There are various packages which ship with DTrace USDT probes which bpftrace can also make use of. This involves building those packages with DTrace support enabled and using SystemTap which provides a Python script called dtrace to do the relevant work, on Linux. I created a package but since it require Python, it created a circular dependency when using Python 3, as Python 3 has USDT probes. As a workaround to sidestep the issue, my SystemTap package uses Python 2, which is still supported by SystemTap. To enable building with DTrace support I introduced a “dtrace tool” which pulled in SystemTap as dependency on Linux when USE_TOOLS+=dtrace was specified, and nothing on other platforms. I then added USE_TOOLS+=dtrace across the tree where dtrace was a supported option.

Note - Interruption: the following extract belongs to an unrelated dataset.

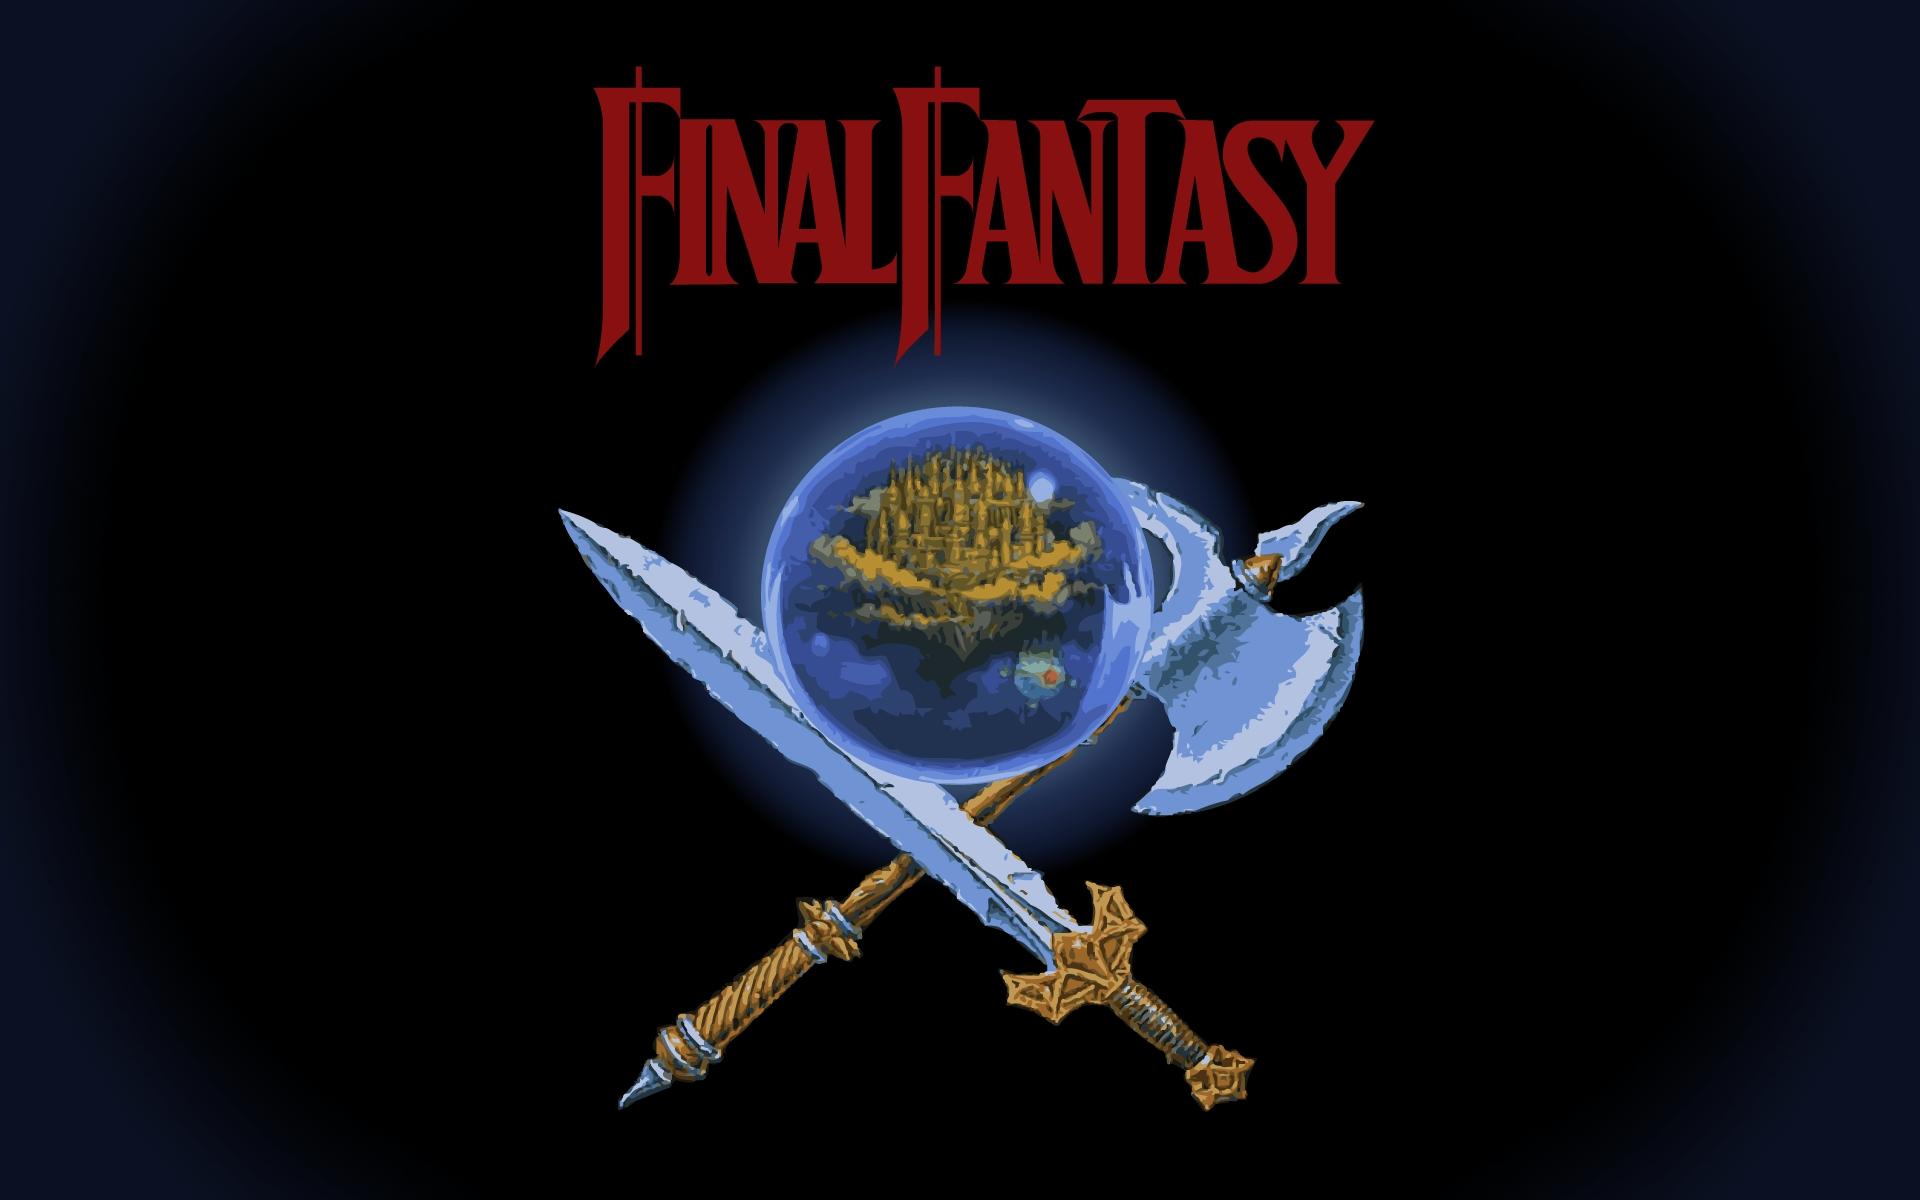 final fantasy 1 wallpapers - wallpaper cave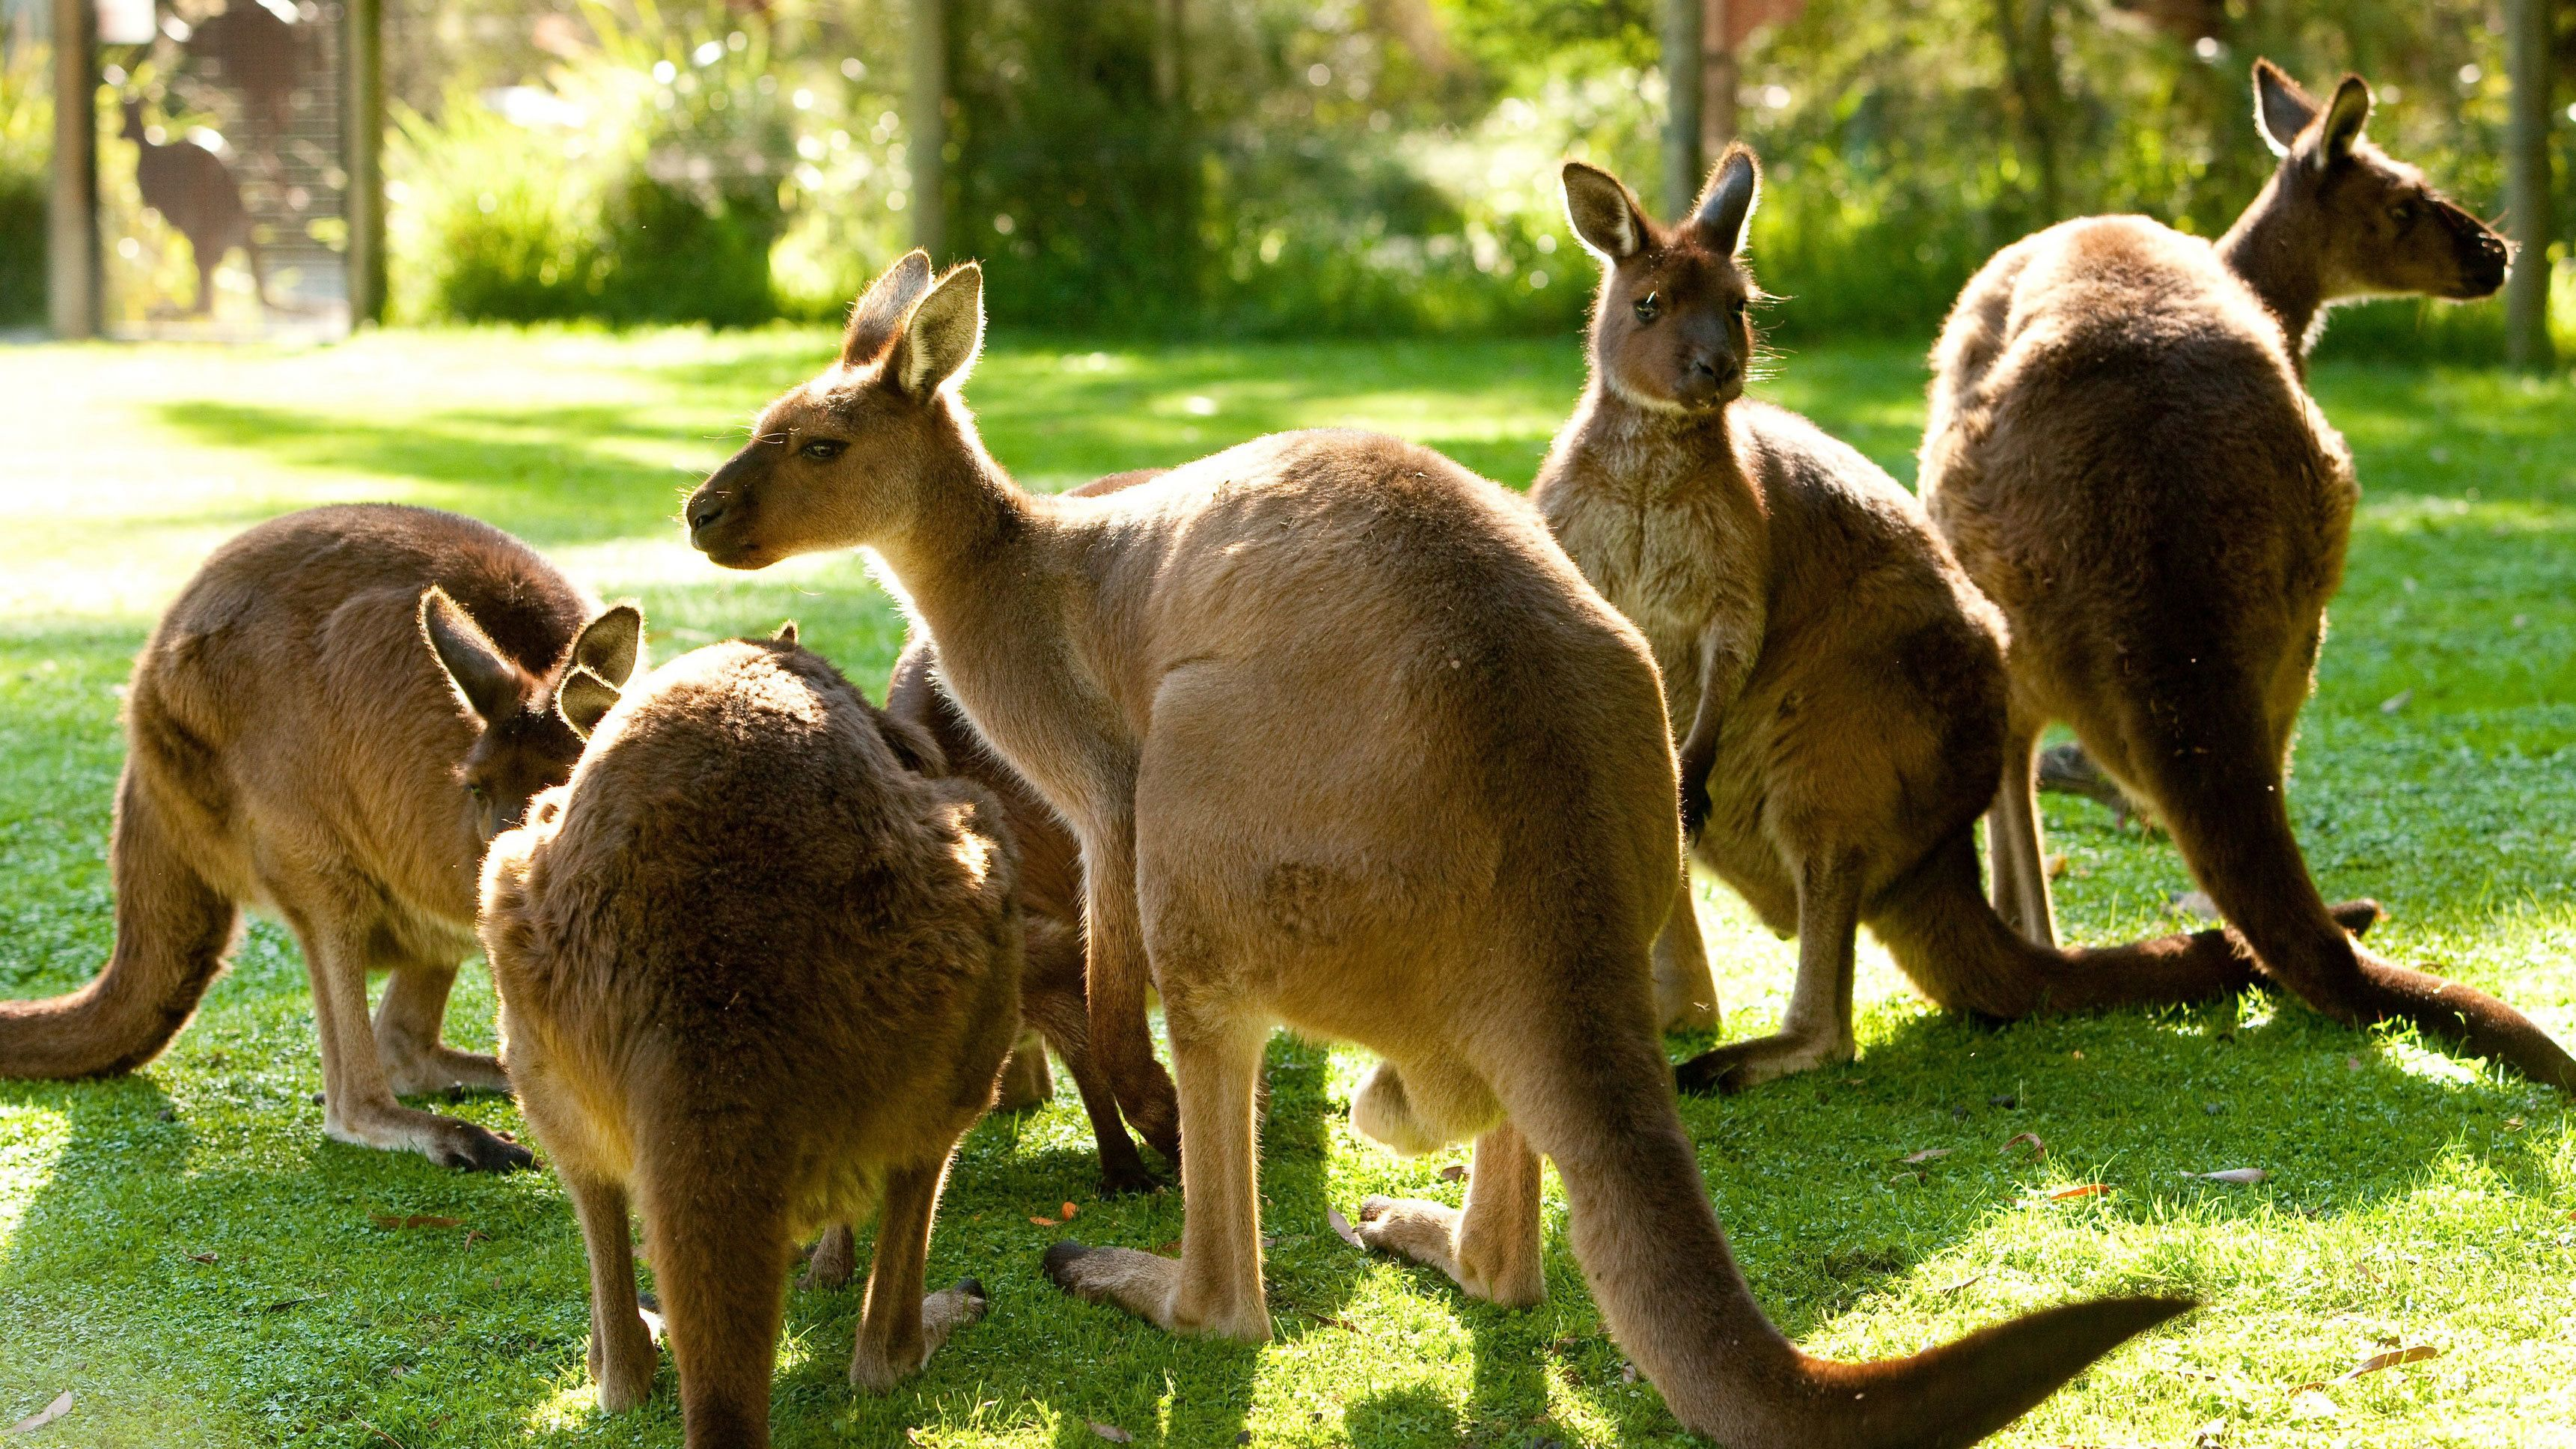 Group of kangaroos at Healesville Sanctuary

bpftrace listing the USDT probes found in libpython built from the Python 3.8 package in pkgsrc

With the OS rebuild, I dropped nscd(8) from the system, the thought of having up to three caching resolvers seemed a bit excessive (nscd/systemd-resolved/unbound). This post highlights why you might not want nscd support on your system. As part of the rebuild I began populating the repository with sources for everything that would ship with distro, it was a tedious process that slowed that as I progressed through the build and imported more and more components, because on the initial import I would roll the tree back to the start to import into a branch, update to the tip of the tree, merge the branch, repeat. I used the hg-git mercurial plugin to convert and push the tree to a Git mirror

The kernel config used started life as the default config which gets created when you run make defconfig and built up from there to cover what the LFS guide suggests and those required by BCC / bpftrace. Testing that X11 worked ok revealed that I was missing various options, from lack of mouse support to support for emulated graphics, the safe bet being the VMware virtual card to use on VirtualBox (VMSVGA which is default) and QEMU, other options resulted in offset problems with the cursor where it would appear on one place on the screen but clicks and drags would register at a different location. Everything works out of the box with VMware option.

I’ve been really impressed by how quickly the system boots and shuts down (not having an initrd image to load and minimal drivers to probe for, account for that), I hope I don’t end up loosing that. I used the work leading up to the release as an excuse to start using org-mode on Emacs. Following the beginners guide I now have a long list of todo items which I work through. The next big item is build infrastructure so I can turn around releases quicker.